# Barn size



## eventerdrew

my barn has space for 10 stalls (3 are finished and are being used but all the rest are going to be finished). Off the barn, I have two "run-in shed" type hangovers, on the west side of the barn, the hay is stored, and on the east side of the barn, we actually turned it into a run-in. But if I had a tractor, i would probably keep it separate from the hay 

The exterior "shell" of the barn was already built and so was some of the inside, but it had been sitting empty from a foreclosure for two years and people had come in and stolen most of the tin and wood.

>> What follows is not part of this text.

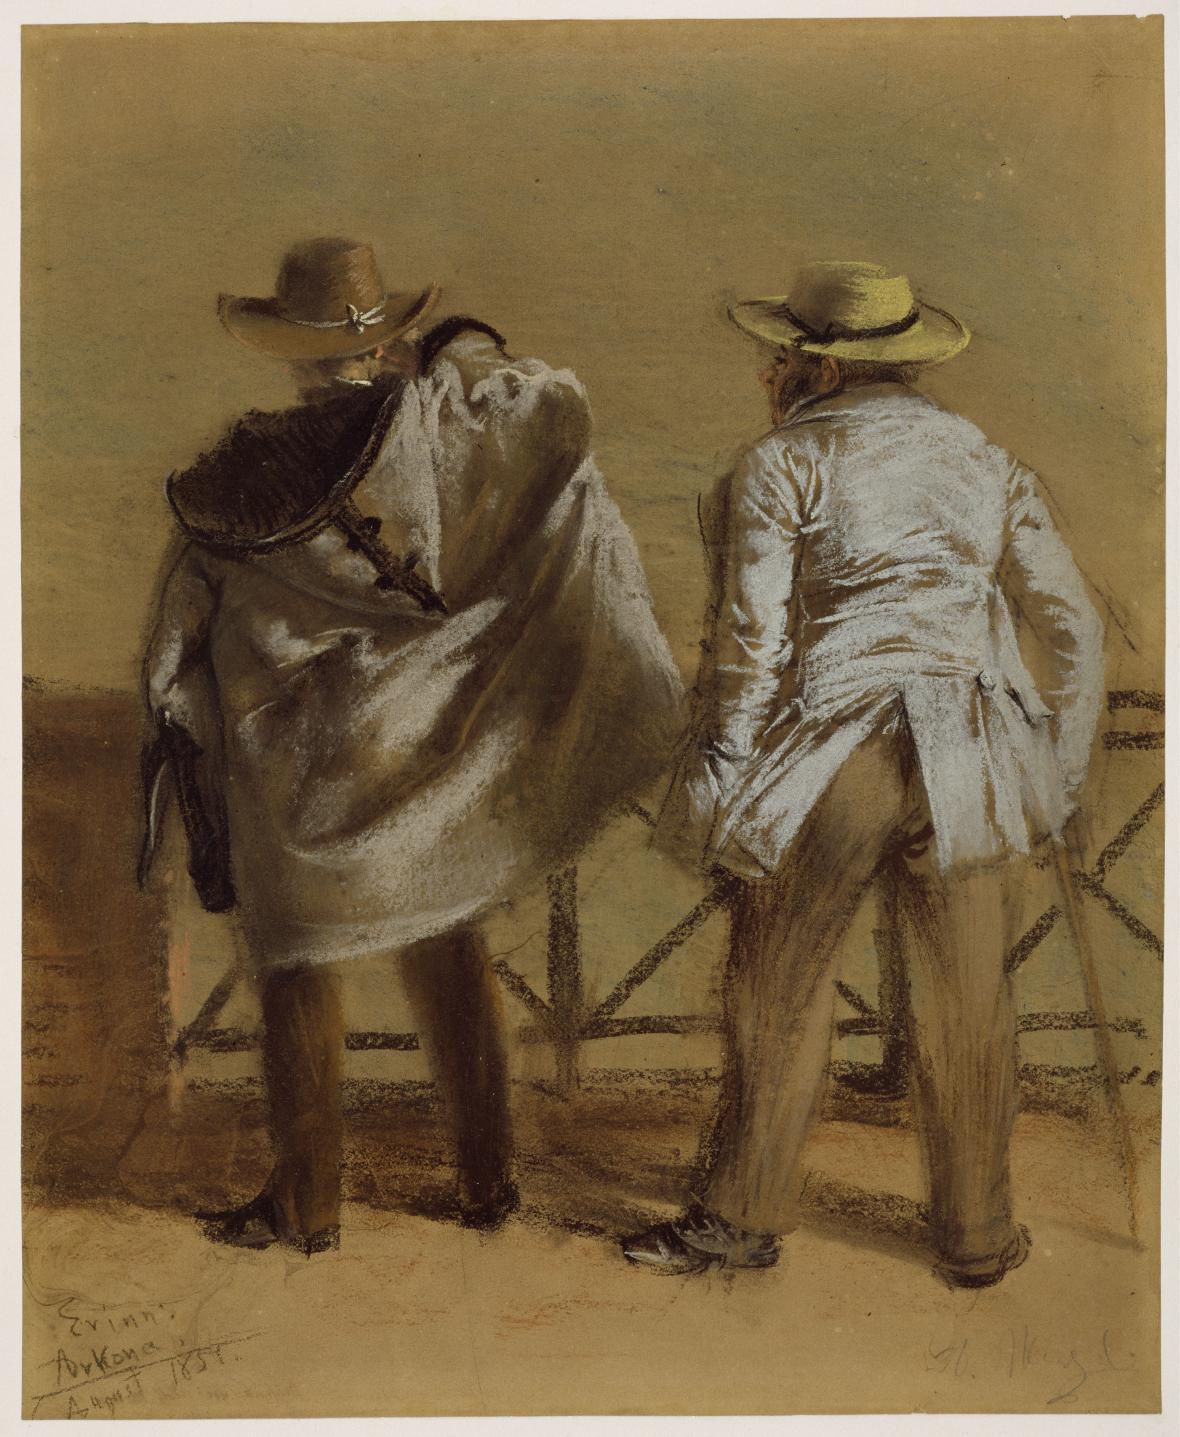 Adolph Menzel / Lázenští hosté u moře, 1851

The stalls were already built, albiet poorly, but they were filled with a good 3 feet of hardened poop. The people who had it before had stallions in the stalls who never got to come out and kicked thru most of the wood in the stalls. So we decided to keep the shape of the stalls (they are all a good 12 x 12 frame give or take) but completely restore them. We have 3 finished because I only need 3, but we have the materials to complete the other 7. One of the stalls is going to become a tack room.

so to make a long story short, I built the interior, but not the exterior.


----------



## Tennessee

Our barn is a 4 stall barn. It has LOTS of room for tractors, storage, etc. It has a place for our tack and a place to wash the horses. We built it when we bought the place. We also have a three horse run in shed to accomodate the fact that we have 6 horses, and only 4 stalls to put them in.

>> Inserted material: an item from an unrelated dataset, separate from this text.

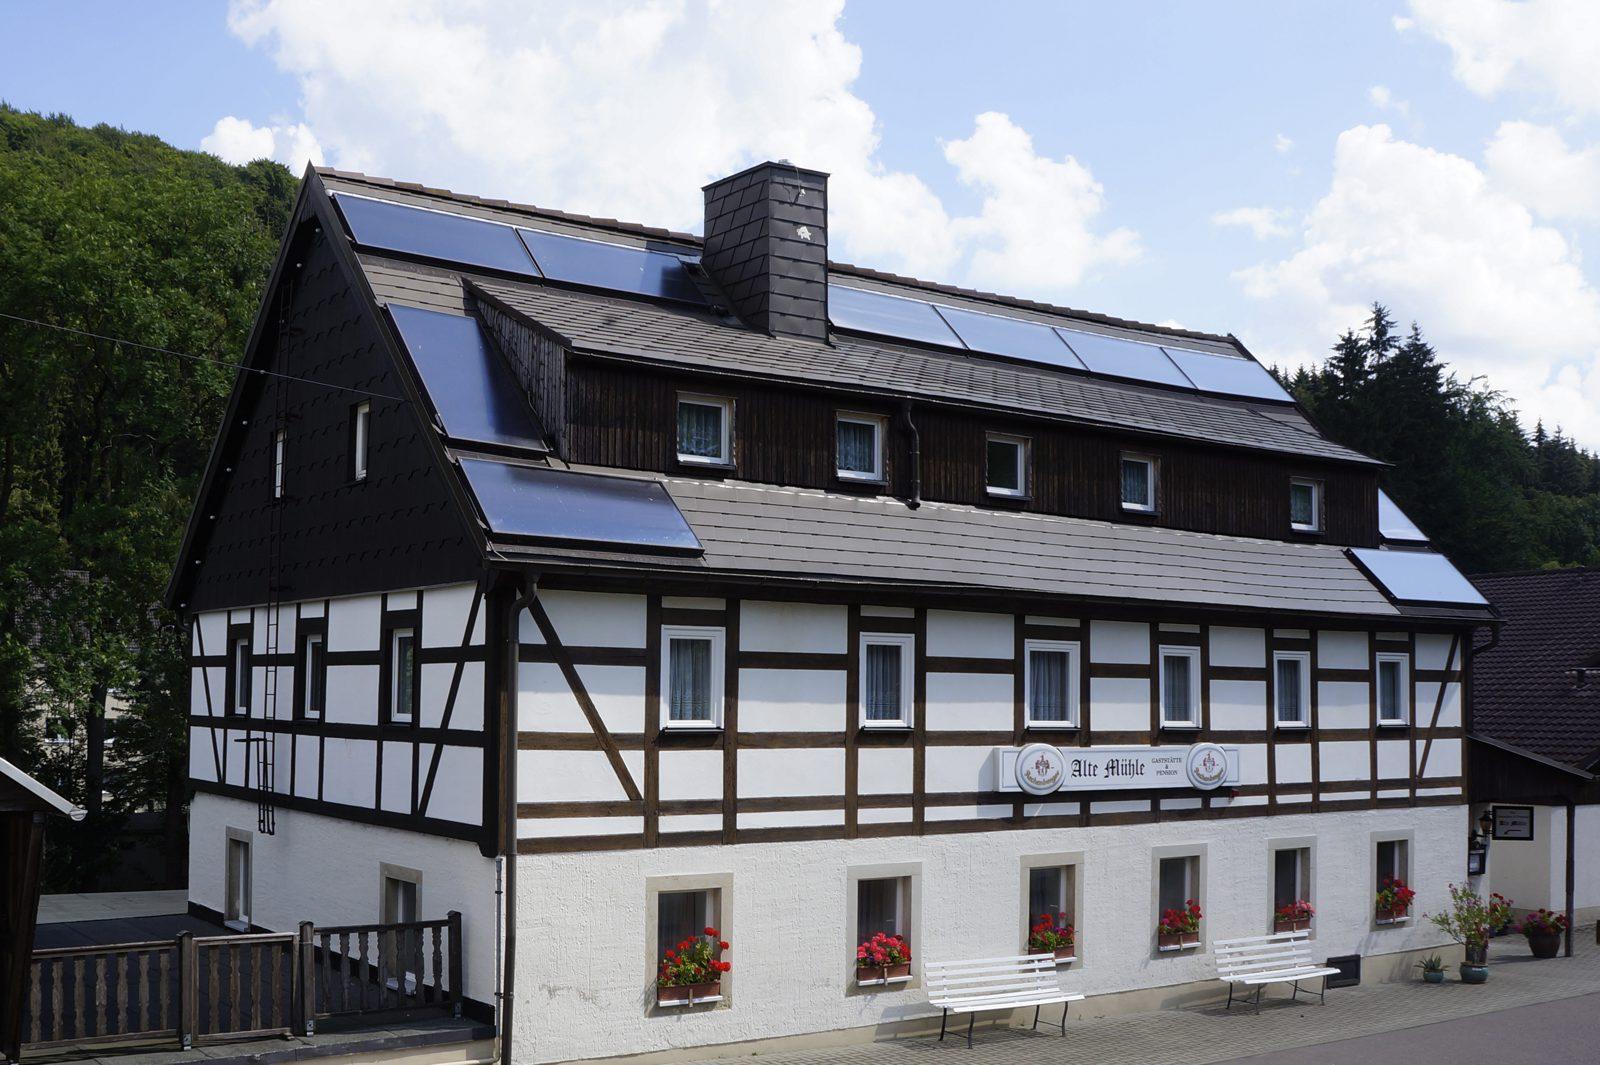 Gaststätte und Pension Alte Mühle

On the side of the barn we have a "lean to"(I don't know how that is spelled) where we keep our trailer, and one on the other side of the barn for a vehicle, gator, etc.


----------



## Solon

The barn where I board has 16 double stalls (12 x 20) on one side, a 180 x 60 arena in the middle, and on the other side has 8 double stalls, wash rack, bath room, grain room, hay storage and general storage.


----------



## kaykat31

Our barn has 6 stalls(one used for feed & tack)then, we have a hay loft.I'm not sure how big the stalls are, probaly about 12x16.We have a area for the tracker & lawn mower built in & we have a workshop for my dad too.We built the barn about 15 years ago but, its still in great condition.


----------



## Appyt

Wow, I didn't even know this folder was here.. lol 

Hubby built my barn a few years ago. It is a 36X60 Steel building. The north half consists of a 28x12' cement pad for hay storage, a 12x 28' aisleway, a 9x16' tackroom, and a general stuff storage area next to the tackroom. I wish I'd done the north end a bit differently but it's ok. South end consists of 2 12X16' stalls one the east wall with the remaining 24X32' being used as a run in area. I only use one stall regularly as I keep my 30 yr old appy there with a corral attached. Tractors are in the old 20x40' run in shed that leaks.


----------



## RubaiyateBandit

Our family farm has five different barns/garages/sheds, and all but two have been there since my Great-grandfather built the farm.
One is used exclusively for my uncle and my dad's antique cars and my uncle's ATVs and snowmobiles, two hold most of the tractors/trailers, one is mostly full of old junk and is sort of used as a woodshed now. 
The main barn has two floors and a loft, with a lean-to off the South side. The cattle get the entire first floor. The second floor has a room that is partitioned off with cattle gates and has a set of stanchions. Since it's connected to a little paddock, I keep my horses in there before a show, or if we need to keep an eye on them for health reasons, but the cattle get priority. The main area of the second floor is where we keep the combine and sometimes a tractor, plus most of the hay for the cattle and the horses. The loft my uncle and dad boarded up and they rigged it up so that they fill it with grain. There's a little grain elevator so we can fill buckets of grain in the cattle sorting/makeshift stall area.


----------



## themacpack

You all put our barn to shame - in fact, it seems like a shed now, lol. We have a one stall building with an attached feed/tack storage area. The whole thing is only 20x14 (stall is 14x14). It was an absolute labor of love built by my husband and father-in-law (who came all the way to IN from OR and used 10 days of vacation time to help build it - my husband came home from NC using 2 weeks of leave time). Of course, our property is only 2 acres, so there really isn't room for anything too much bigger - and we only have the one horse (for now, lol).


----------



## Jillyann

My barn has 20 12X12 stalls, 2 huge run ins for the pastured horses, 2 large tack rooms, outdoor arena, indoor arena, TONS and TONS of storage space, feed room and round pen.


----------



## farmpony84

I have 6 stalls w/ room for two more. That area is used for Hay storage and extra stuff. My aisle is big enough to run the truck through (I have sliding doors on both ends... I have an overhang that runs the lenght of the barn and comes out 15 feet. My stalls are 12X12. I had the barn built (It's a National Aluminum barn).


----------



## masatisan

Where I board there are three box stalls (two of which are occupied by stallions) Two standing stalls, two wall ties and a set of cross ties. There's a gate to access the yearlings directly from the barn, and a large swinging door that opens to a storage room where the carriages and square bales are kept. To the right of that is the feed room and there's a door in the feed room that goes to the pomeranians kennel. 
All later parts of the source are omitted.